Микель появляется четко к пяти. С охапкой цветов, пакетом с различными экзотическими фруктами, бутылкой дорогого вина и складным обалденным велосипедом. Детским, естественно. Отчего у Ильюши счастья полные штаны. Он подолгу выясняет, что и как с ним делать. Не отходит от гостя ни на шаг и, кажется, несколько расстроен, когда мы уходим почти в половине седьмого в заранее запланированный ресторан.

– А ты подготовилась, – плотоядная улыбка и рука, скользящая мне под юбку. Что останавливается на кружеве чулок и цепляет пальцами подтяжку. – Если ты скажешь, что без белья, я, честное слово, забью на ужин.

– Я не настолько беспечна, на улице все же не май месяц. – Кокетливо бью ладошкой по его настырной руке и, мазнув накрашенными красной помадой губами по его щеке, выскальзываю из лифта. Все же жить на двенадцатом этаже опасно. Потому что длительные подъемы и спуски с похотливыми мужиками напрашиваются на то, чтобы устроить разврат посреди трех зеркал, прямо у железных поручней.

И целый пыточный час, мы как белые люди жуем салаты, вгрызаемся в сочные стейки и заедаем все нежным фруктовым десертом. Но напряжение физически ощущается в каждом движении. Нетерпение выливается долгими, пусть и молчаливыми взглядами. Многообещающими. Слишком много и слишком заманчиво, чтобы рискнуть и продлить удовольствие от качественной еды, наплевав на явные посылы друг друга.

И вот еще не стукнуло даже девяти, а мы едем к отелю. На моей машине. Потому что я не собираюсь оставаться до утра, а в такси чувствую себя чуток неловко. В своем авто куда удобнее. И увереннее. Конечно же. И все так прикольно и классно, пока я не слышу звонящий телефон.

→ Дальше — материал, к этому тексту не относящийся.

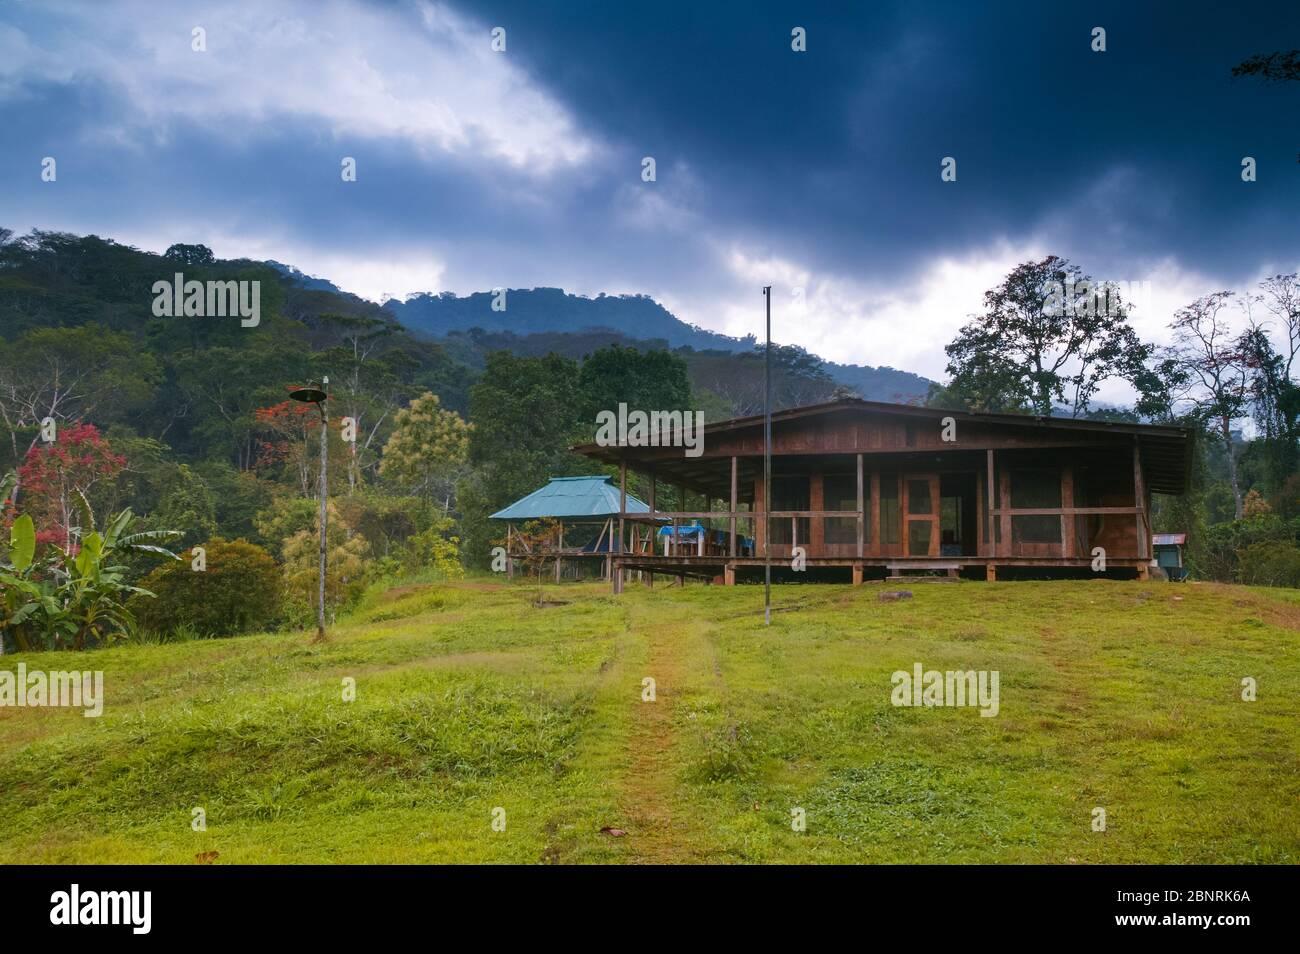 House at Cana field station, Darien national park, Darien province, Republic of Panama. Stock Photo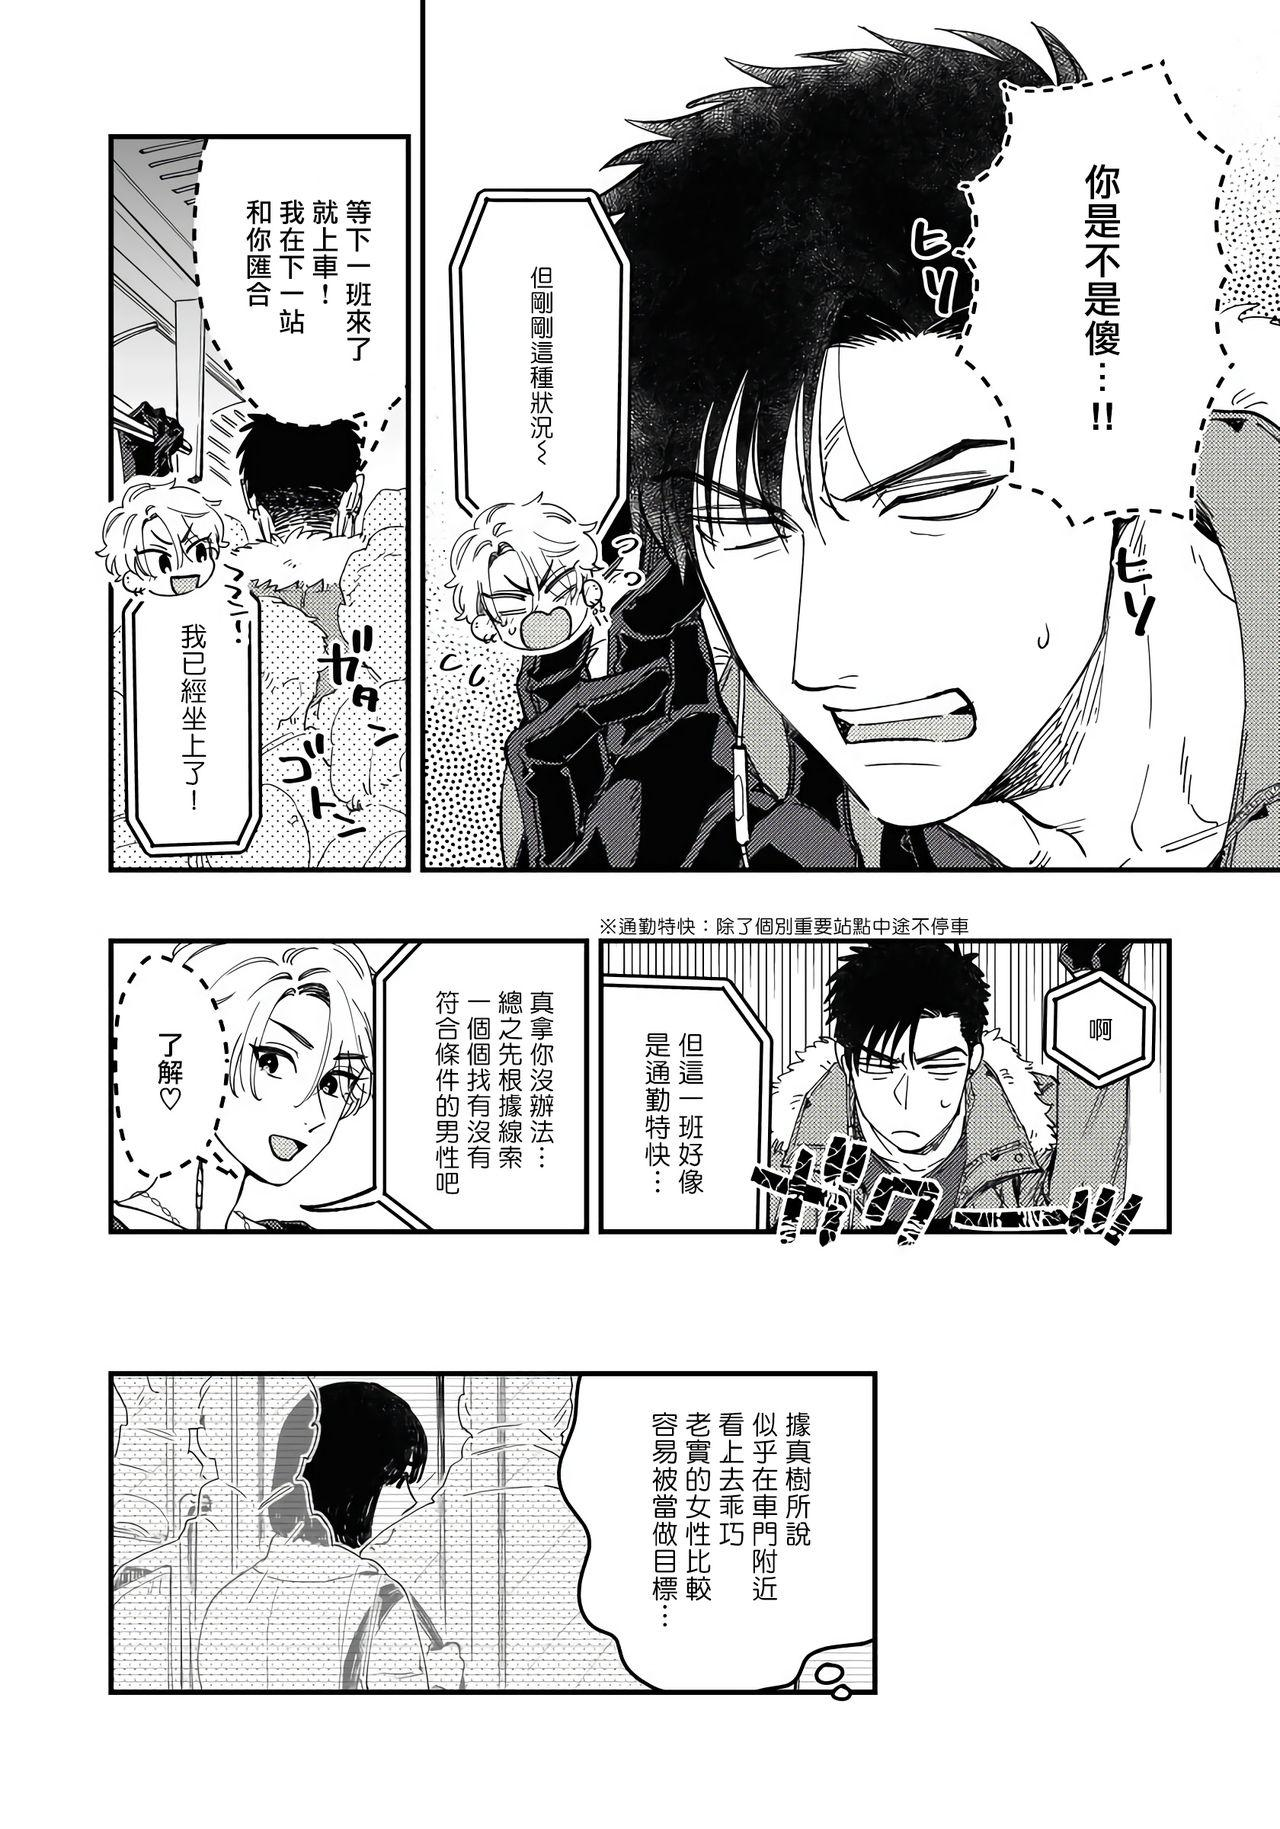 Kokomade Yarutoha Kiitenai! |之前可没听说要做到这个份上啊! 1-3 9

– Лин, тут твой Алексеев пришел, – голос у сестры настороженный. Если судить по интонации, то она растеряна и явно не знает, что делать. – Илья рассказал ему, куда ты ушла, и тот поставил меня в известность о том, что остается с ночевкой. Причем даже ничего слушать не захотел. А на мое возмущение прошипел, что это вообще-то его квартира и он, когда хочет, тогда и приходит, ровно как и остается настолько, насколько посчитает нужным.

Совсем неудивительно, что у меня начинают подрагивать руки от перенапряжения. А ком в горле вообще как родной тут же появляется. Но, собственно, этого и следовало ожидать. Ребенок рассказал все отцу потому, что его никто не просил об этом молчать. Леша пришел потому, что считал, что имеет на это полное право, и запретить ему могу только я, а меня как бы дома нет. Блять… Нет, трижды блять.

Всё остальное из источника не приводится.